AMPs in airgapped environments
In an airgapped installation, the default Accelerators for Machine Learning Projects (AMPs) catalog included at installation and default AMPs may be inaccessible. There are a few options to work around this issue.
Option 1: Set up a proxy with AMPs public endpoints whitelisted
Set up a proxy and whitelist the public endpoints listed in Host names required by AMPs.
Option 2: Clone AMPs catalog and projects internally and configure the CML workspace to use their internal catalog
- Clone the AMPs catalog repository to local: Applied ML Prototype (AMP) Catalog | Github documentation.
- Clone all the git projects mentioned in the git_url fields in Applied ML Prototypes | Github documentation.
- Update the git_url and image_path links to point to your local internal github repository clones (See Step 2) in local amp-catalog-cloudera-default.yaml (See Step 1).
- Update the AMPs catalog in the Cloudera Machine Learning workspace to point to the local amp-catalog-cloudera-default.yaml (See Step 1). Follow the steps in Add a catalog.
- Complete the steps as instructed in Accessing python packages required by AMPs on airgapped setups.
Option 3: Download the desired AMPs in a zip file and upload it as a CML project
- Browse the AMPs catalog page and go to the github project associated with the AMP: Accelerators for ML Projects (AMPs) | Cloudera Github documentation.
- Download the AMP project as zip file.
- Go to Cloudera Machine Learning workspace and create a project by choosing file upload method and providing the above AMP zip file.
- Complete the steps as instructed in Accessing python packages required by AMPs on airgapped setups.

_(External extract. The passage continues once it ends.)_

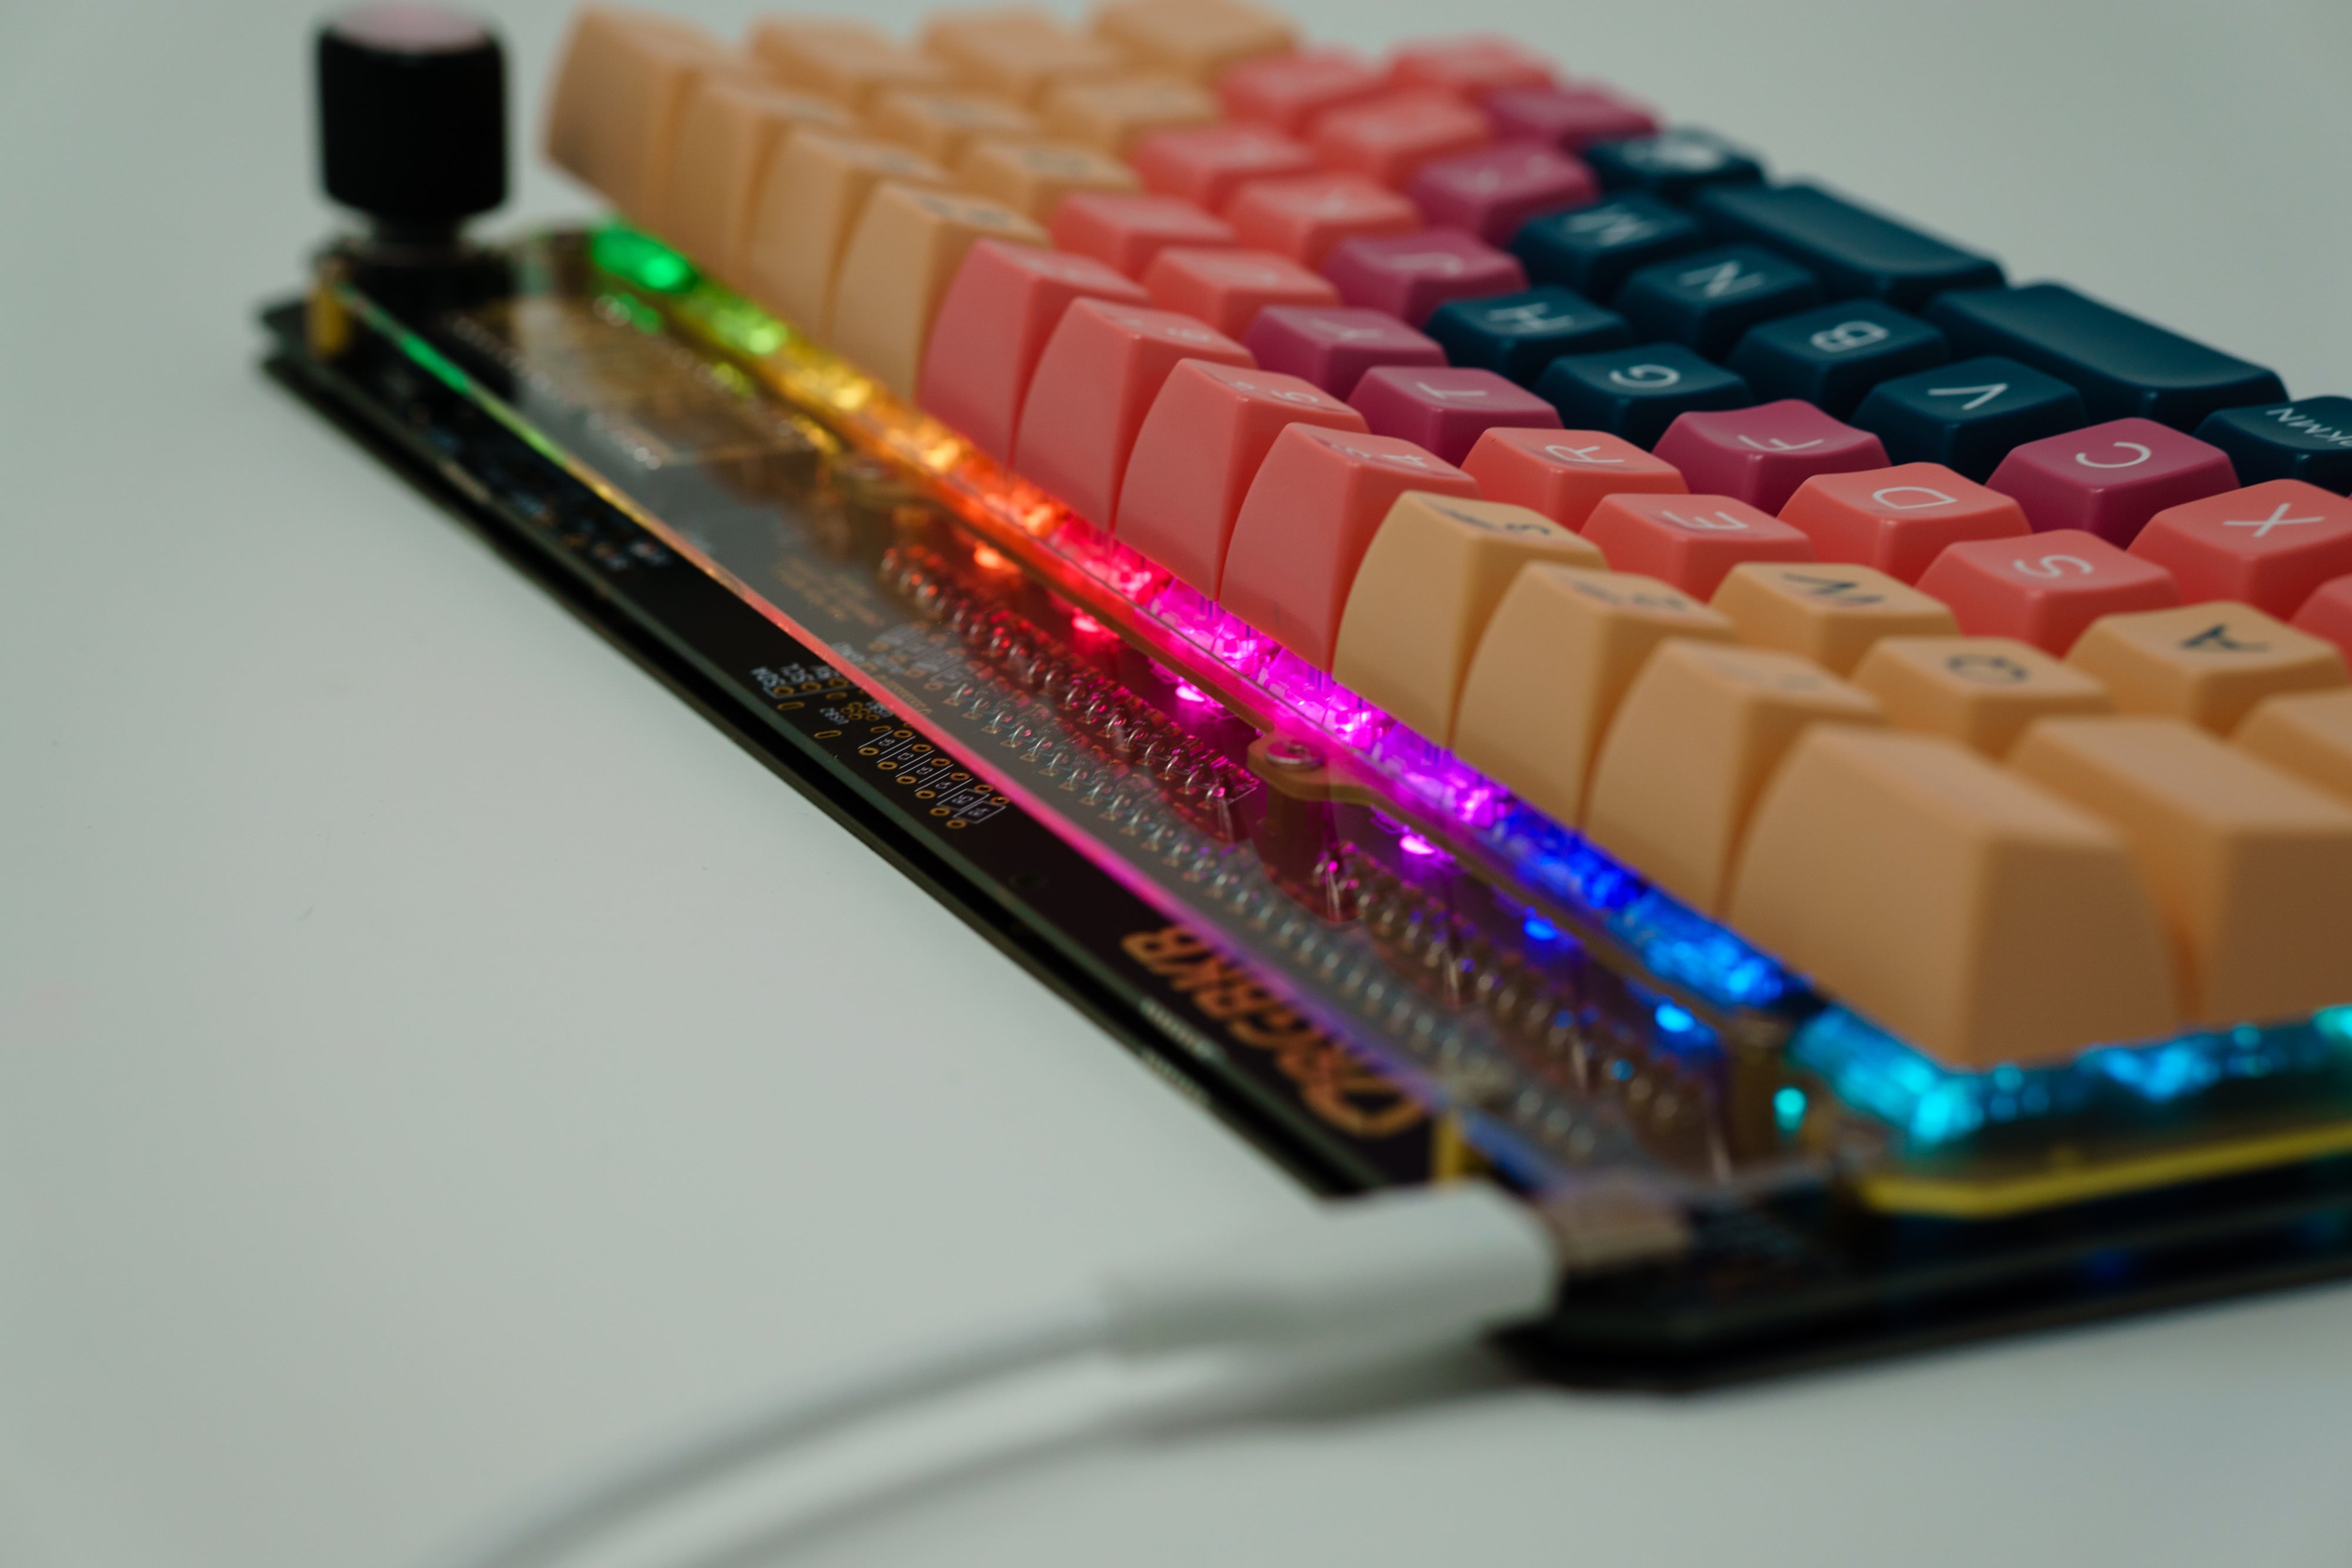 Pan DIY Keyboard PCB Kit

Accessing python packages required by AMPs on airgapped setups
You must whitelist or allow traffic to the public pypi repository to install python packages
required for AMPs to successfully deploy.
- *.pypi.org
- *.pythonhosted.org
If you do not want to allow access to these domains from your environment, you must host your
internal pypi
repository and upload all the necessary pip
packages used by AMPs and configure your cluster to use the internal pypi
as default.